Fourth, the risk of needing to convert to a big incision because the surgery is not going well using minimally invasive surgery is higher for laparoscopy compared to robotics.  So, you have twice the risk of waking up with a much bigger incision during a planned conventional laparoscopy.  Big incisions are prone to hernia and infection, not to mention more painful during recovery.  Generally, the more difficult the surgery the higher the conversion risk. Unfortunately, it is not possible with endometriosis (due to its intensely inflammatory and scarring nature) to accurately predict what is going to be an easy vs difficult surgery. This is truly a case of an ounce of prevention (optimal preparedness) being worth a pound of cure (getting caught with inadequate instruments for the job and then trying to scramble and fix it).  

Related reading: The History of Endometriosis: Unraveling the Theories and Advances  [or lack thereof]

Research Comparing Robotic Surgery with Conventional Laparoscopy

Several studies have been conducted to compare the efficacy of robotic surgery and conventional laparoscopy in treating endometriosis. A meta-analysis by Chen et al. evaluated the safety and efficacy of robotic surgery for treating advanced-stage endometriosis. The study concluded that while robotic surgery was safe and efficient, it was also time-consuming and incurred higher costs compared to conventional laparoscopy.  Studies like this are hard to interpret because it is not possible to know the real skill base of the surgeons involved, which means conclusions about costs and efficiencies are suspect. Also, it’s important to keep in mind that from the patient’s perspective, this cost is irrelevant. The costs are almost all absorbed by the hospital or surgery center and not directly passed on to the patient. 

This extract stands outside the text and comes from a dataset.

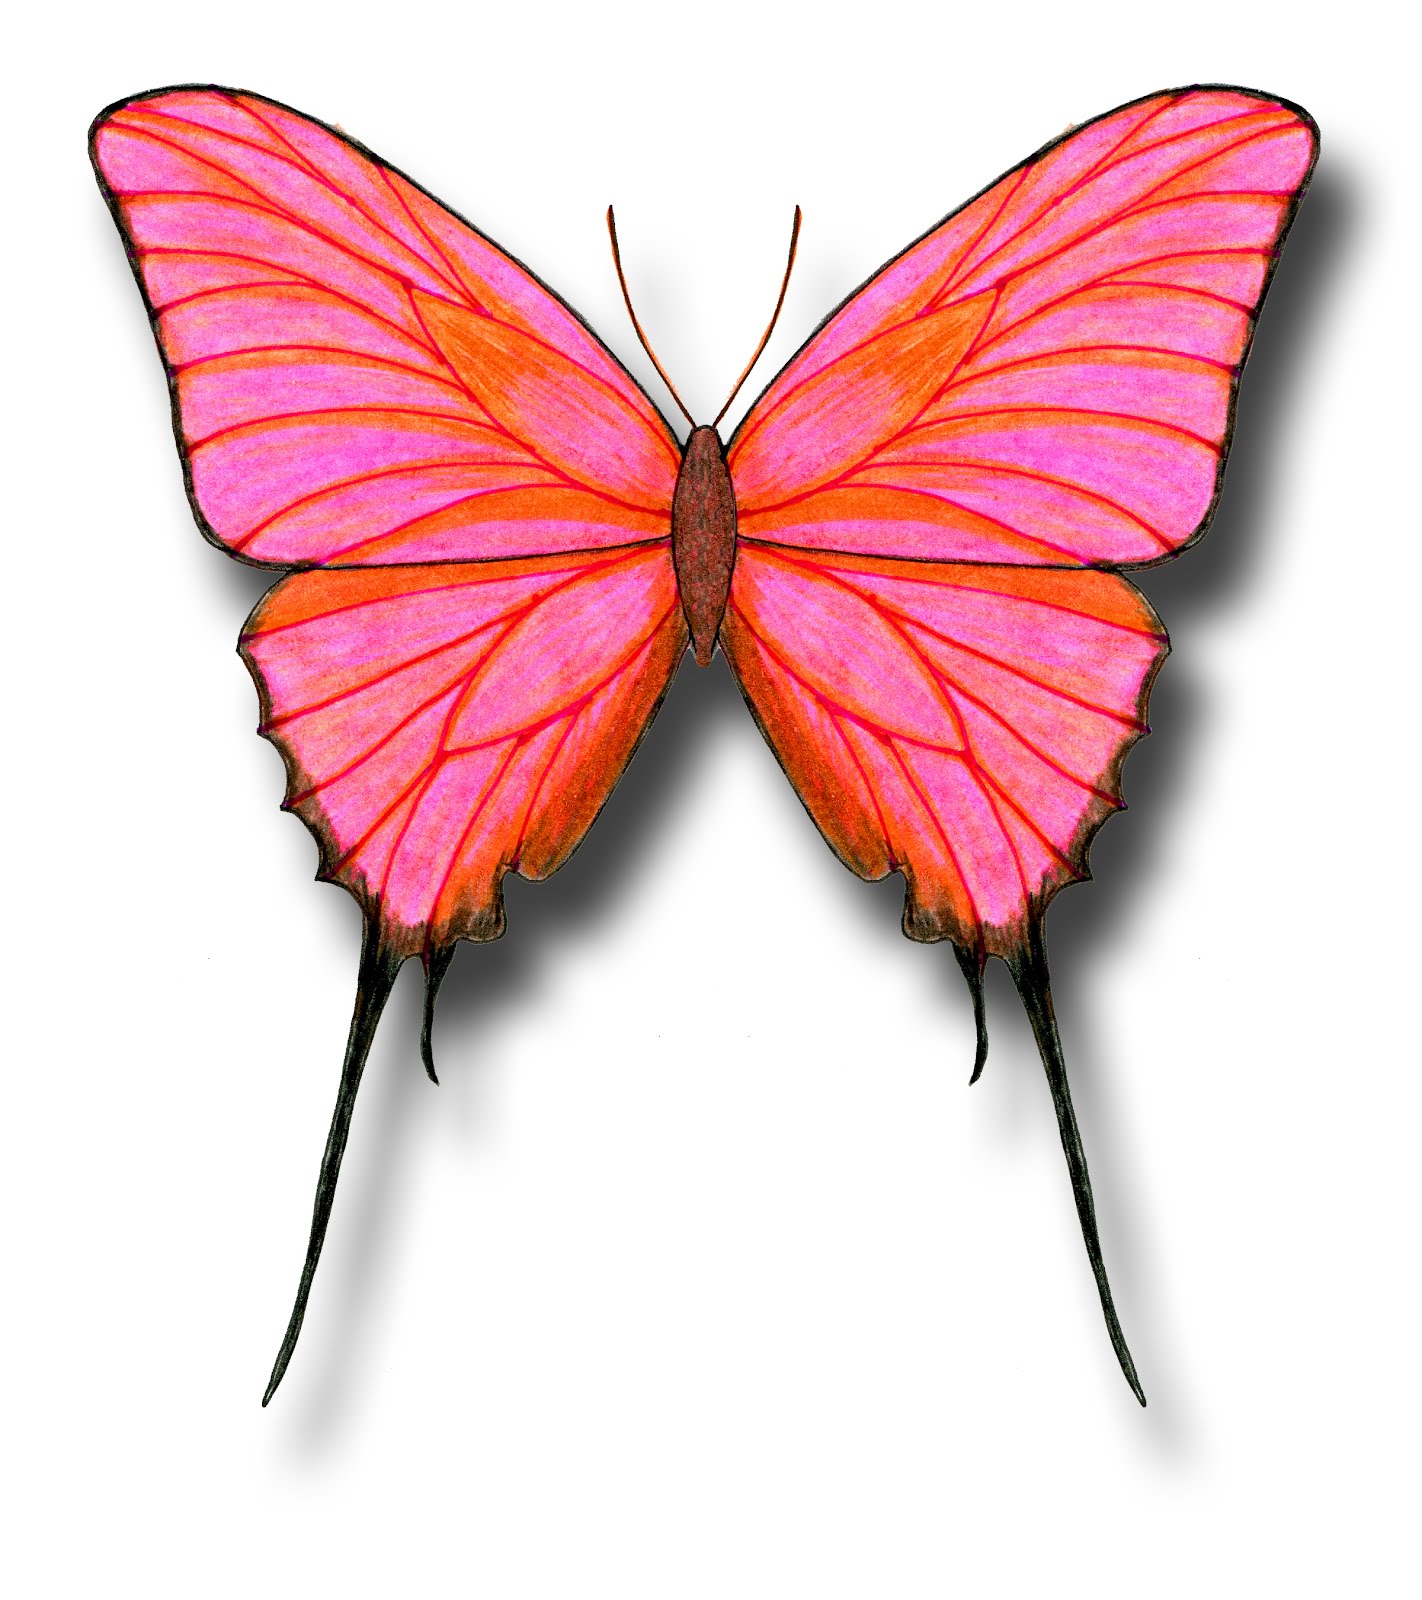 Butterfly Drawings In Color submited images | Pic2Fly

The bottom line is that an experienced laparoscopic excision surgeon will likely be able to get the right surgery done safely in straightforward and moderately complicated cases.  A robotic surgeon should be vested enough in the newer technology (i.e., does a lot of robotic surgery, if not all robotics) to realize a difference.  In other words, in most cases, the surgeon is the most important part.  However, due to the superior technology, a highly skilled robotic surgeon will likely complete a complicated case safely (e.g., Stage III or IV with multiple prior surgeries), without conversion to a big incision, more often than a highly skilled laparoscopic surgeon, due to the limitations of inferior technology.  

From a practical perspective, you can experience/simulate the difference yourself between 2-D and 3-D vision or between straight stick laparoscopic surgery vs wristed robotics technology.  Wear a patch or tape one eye closed and immobilize your elbows and wrists with splints and tape, leaving only two fingers to grasp things with, and go about your daily business (NOTE: please don’t do this without someone assisting you because you will find that you misjudge distances and are unable to carry out tasks safely).  Can you adjust to this handicap over time?  Of course, as can a surgeon.  However, it is certainly not optimal to avoid using your wrists and both eyes if you have a choice. 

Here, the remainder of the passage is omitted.